OFFER TO PURCHASE UP TO
1,100,000 SHARES OF COMMON STOCK OF
COLLINS INDUSTRIES, INC.

OUR OFFER AND YOUR RIGHT TO WITHDRAW YOUR SHARES WILL EXPIRE AT 5:00 P.M., EASTERN TIME, ON NOVEMBER 21, 2003, UNLESS THE OFFER IS EXTENDED. WE MAY EXTEND THE OFFER PERIOD AT ANY TIME.

COLLINS INDUSTRIES, INC. IS:

    offering to purchase up to 1,100,000 shares of our common stock along with associated purchase rights in a tender offer, and

    offering to purchase these shares at a price not greater than $4.50 nor less than $3.60 net per share in cash, without interest.

IF YOU WANT TO TENDER YOUR SHARES INTO OUR OFFER, YOU SHOULD:

    specify the price between $3.60 and $4.50 at which you are willing to tender your shares,

    specify the number of shares you want to tender, and

    follow the instructions in this document and the related documents, including the accompanying letter of transmittal, to submit your shares.

WHEN OUR OFFER EXPIRES:

    we will select the lowest purchase price specified by tendering shareholders that will allow us to purchase up to 1,100,000 shares, or such lesser number of shares as are tendered,

    if the number of shares tendered at or below the selected price is not more than 1,100,000, we will purchase all shares tendered at that price, and

    if the number of shares tendered at or below the selected price is more than 1,100,000, we will purchase shares at the selected price:

    first from holders of less than 100 shares and from holders who would own less than 100 shares because of proration who tendered all of their shares at or below the selected price, and

    then, on a pro rata basis from all other shareholders who tendered shares at or below the selected price, subject to the conditional tender provisions described below.

        Our offer is not conditioned on any minimum number of shares being tendered.

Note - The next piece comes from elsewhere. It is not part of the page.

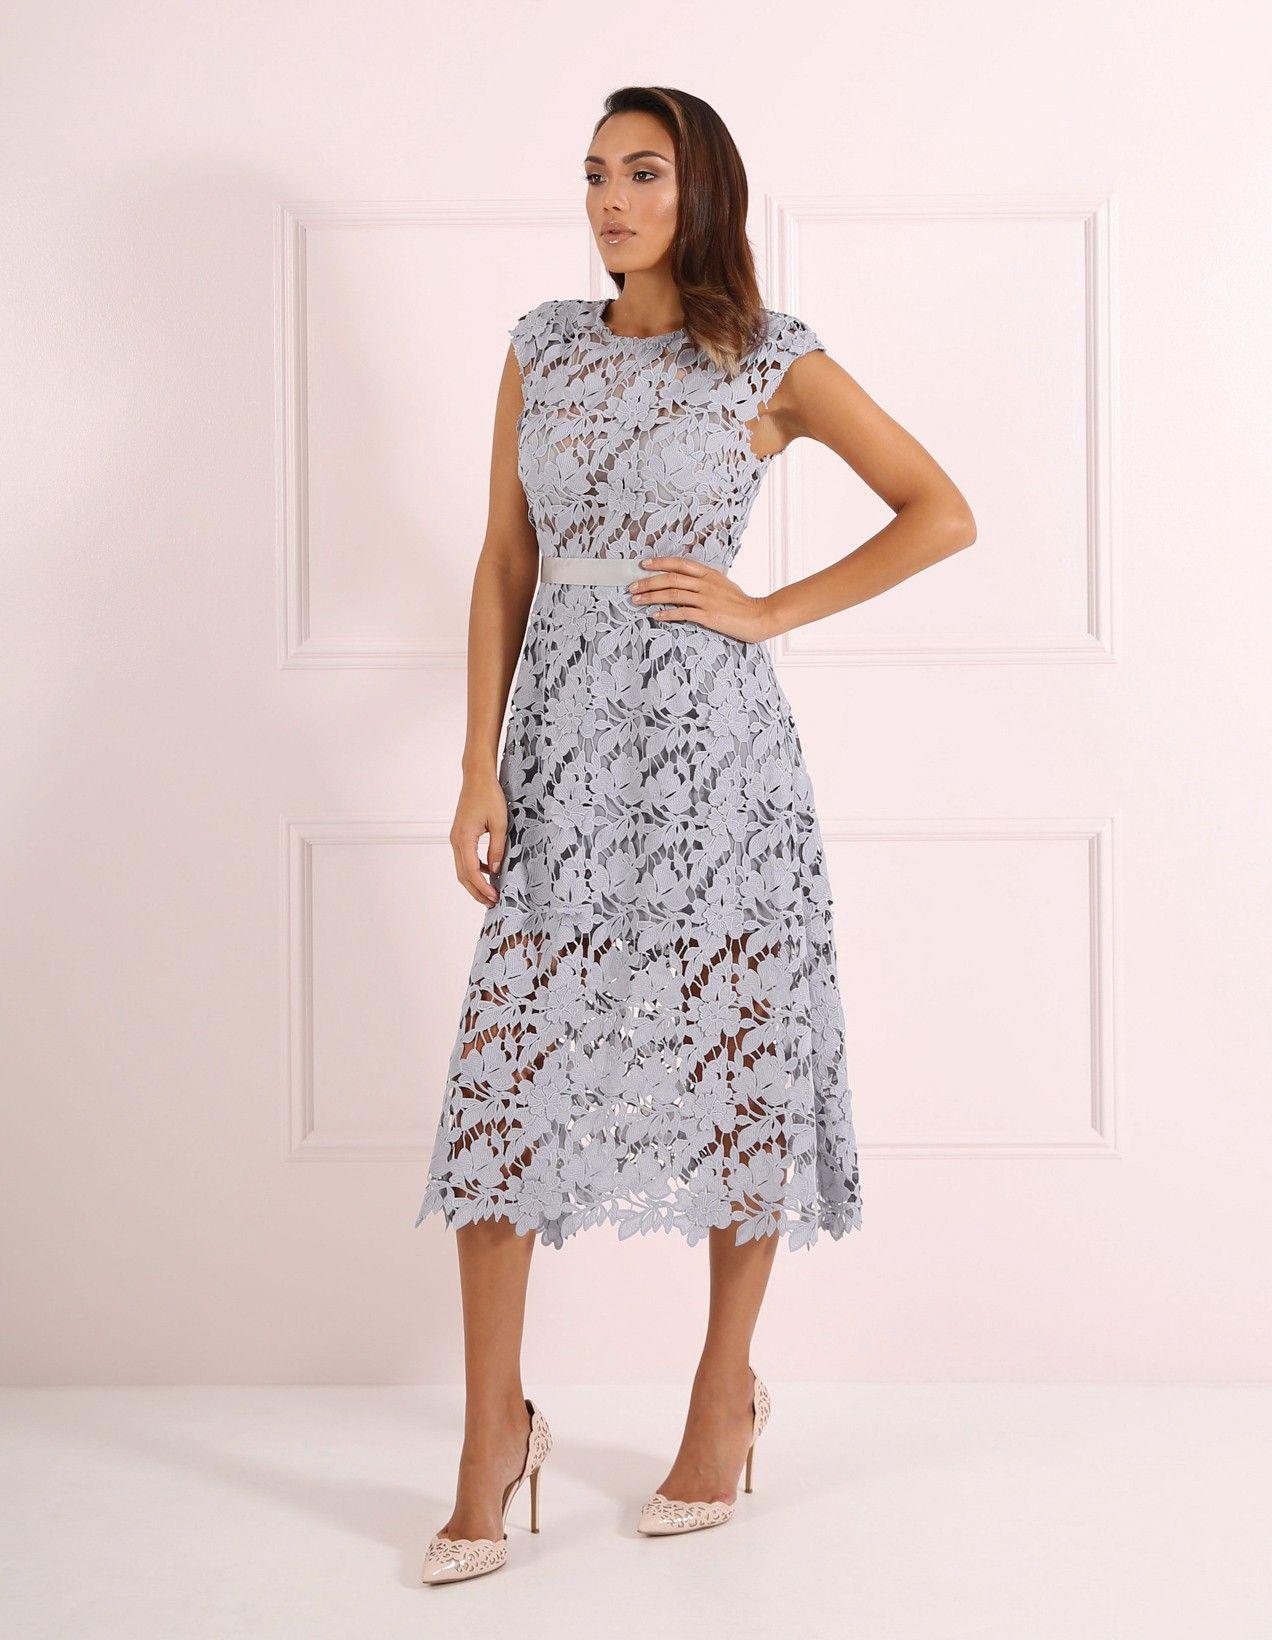 Laila Grey Flowing Lace Midi Dress Wedding Guest Dresses All Forever Unique

Our offer is, however, subject to other conditions discussed under "The Offer—Conditions of Our Offer."

        Our Board of Directors has approved this offer. However, neither we nor our Board of Directors nor the information agent makes any recommendation to you as to whether you should tender or not tender your shares or as to the price or prices at which you may choose to tender your shares. You must make your own decision as to whether to tender your shares and, if so, how many shares to tender and the price or prices at which your shares should be tendered.

        This document contains important information about our offer. We urge you to read it in its entirety.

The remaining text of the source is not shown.